The purpose of this post is two-fold. First, we want to share our in-flight work, particularly the diagram, in case it can be helpful as you enter into service management discusses across your organization.
Second, we have some questions that we’d love the broader community’s feedback on.
1. Has your organization’s management perspective shifted away from business solutions (applications, business process implementations) to business capabilities/functions? If so, in which areas: IT funding, IT delivery, IT operations, and/or IT product management?
2. Are you engaging in service portfolio management practices, such as service value prediction and assessment, marketing, sourcing, rationalization, refresh, and retirement? If so, what techniques and/or tools are you employing?
For example, to manage service sprawl that began from federated service development and was compounded by a merger, one of our members is considering marketplace techniques, both real and predictive, to let developers choose which of a redundant set of services survives, rendering the less popular obsolete.
3. Who manages the service portfolio? How does this compare, contrast with the management of the business solution and IT asset portfolios?
Given the convergence of SOA and Cloud Computing, I did a quick extension to include consuming cloud services. The extensions are in yellow. [Click on diagram to enlarge]
Obviously, an externally sourced cloud service is not an IT asset. However, since the cloud service does instantiate business capability, it is a member of your service portfolio. The question becomes which service portfolio management practices and policies apply to an externally sourced (and controlled) cloud service? I’ll be thinking that one over myself, and would love to hear your thoughts.

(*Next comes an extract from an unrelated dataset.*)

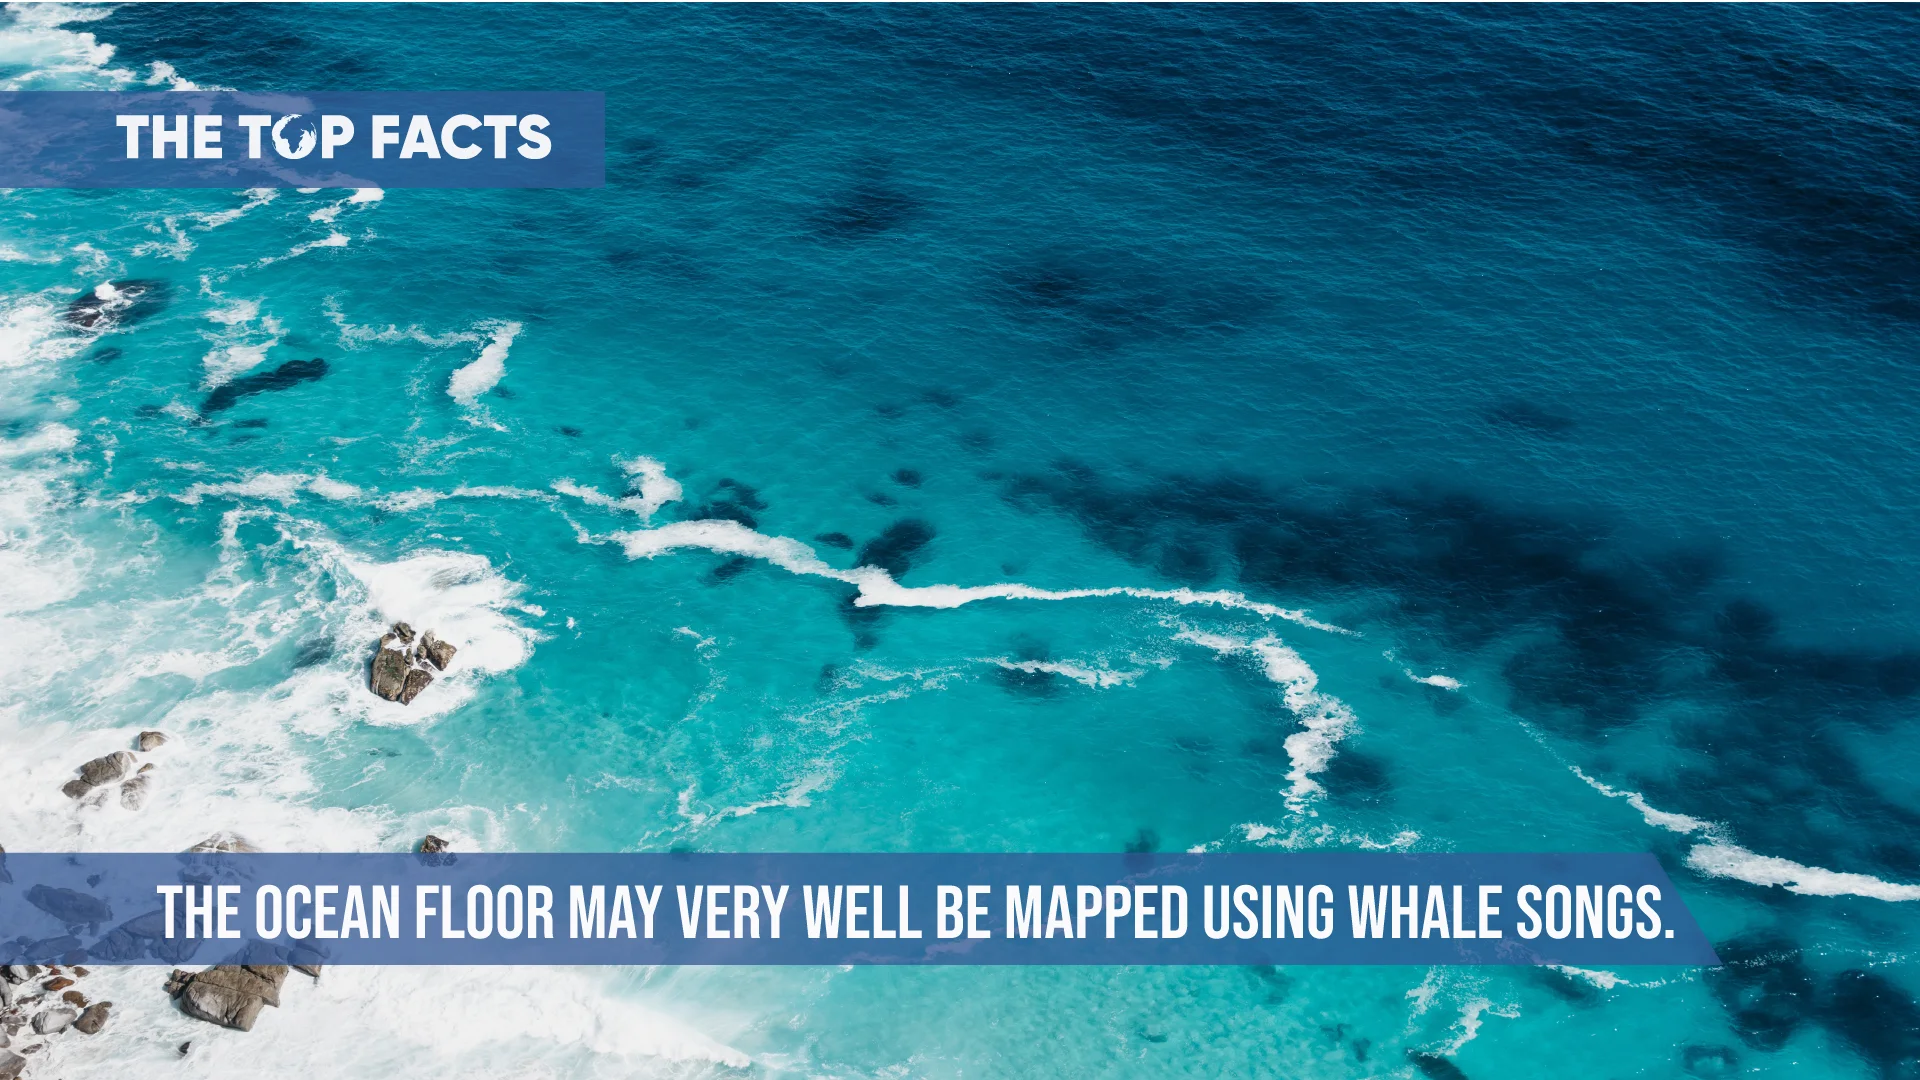 The Ocean Floor May Very Well Be Mapped Using Whale Songs
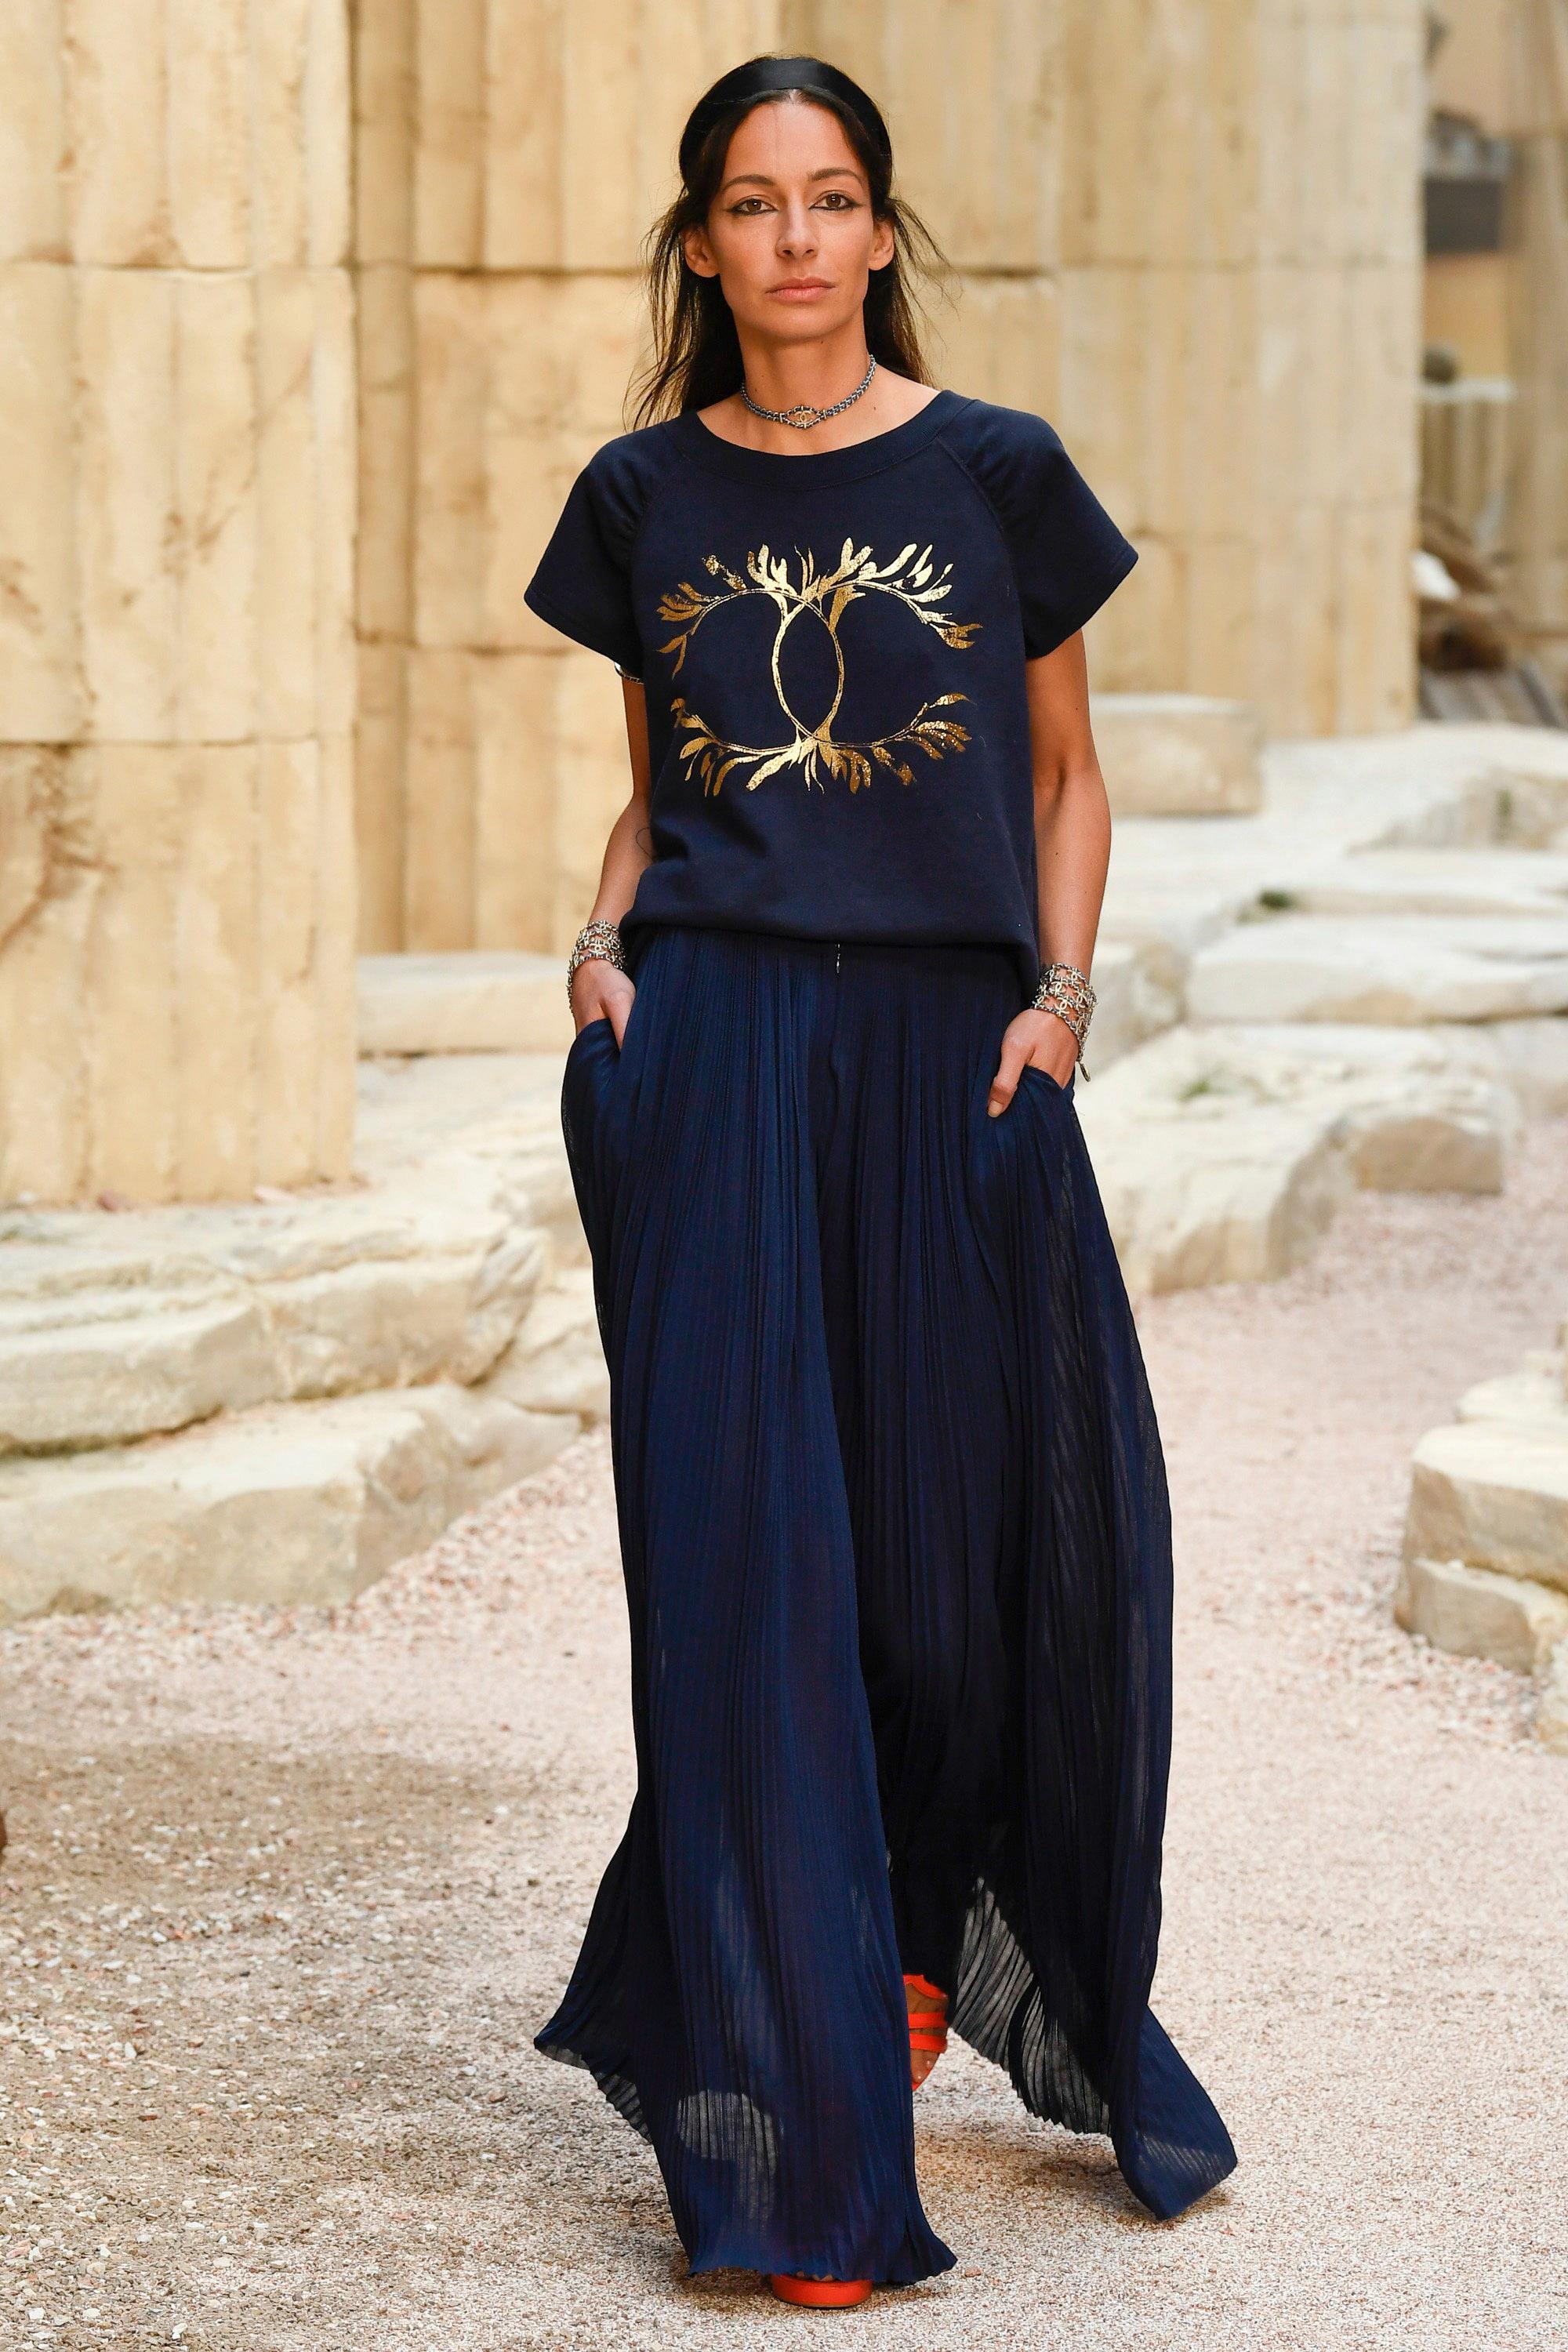 These stunning, flowy navy blue palazzo pants are part of the Chanel Cruise 2018 Greece collection, known for its meticulous attention to detail. Made from semi-sheer jersey silk fabric, the pants offer a luxurious and lightweight feel. The navy

Please share any thoughts on the post, and/or our direct questions, via comment, blog post, or discussion forum. Just link to this post, we’ll find you.




Brenda -
This is exactly the kind of issue that we've been solving lately. Once SOA-based implementation goes live, the management paradigm - including such thorny points as annual planning and budgeting - must change to account for what CAN be assembled out of all the bricks and patterns that have been delivered. That leads to continuous reprioritization of planned/in-flight bricks and patterns to constantly adjust to external pressures. This challenge applies to other technology approaches, provided they are model based (MDM, BPM, EDA, BI, and UX, just to add a few more acronyms to the post).
So the fundamental idea of a management unit must change from service or process or system to a capability. If IT is a business unit, then just as any other business unit, the full value is not captured in services that IT provides, but rather in capabilities that this unit enables in profit centers - no different from other enabling units like Finance and Human Resources, to name a couple.
This approach resolves the question of cloud-sourced services - whether "true" cloud (external) or internal cloud. The trick is to sufficiently describe all of these services in a way that allows for easy assembly of services into capabilities, and capabilities into capability portfolios. Call it a semantic service bus for organizational interactions. A lot of very interesting work in this area has been done in DoD utilizing RDF/OWL to create these descriptions. While that resolves the management aspect, the actual discovery and translation of processes, services, and organizational structures is still an art.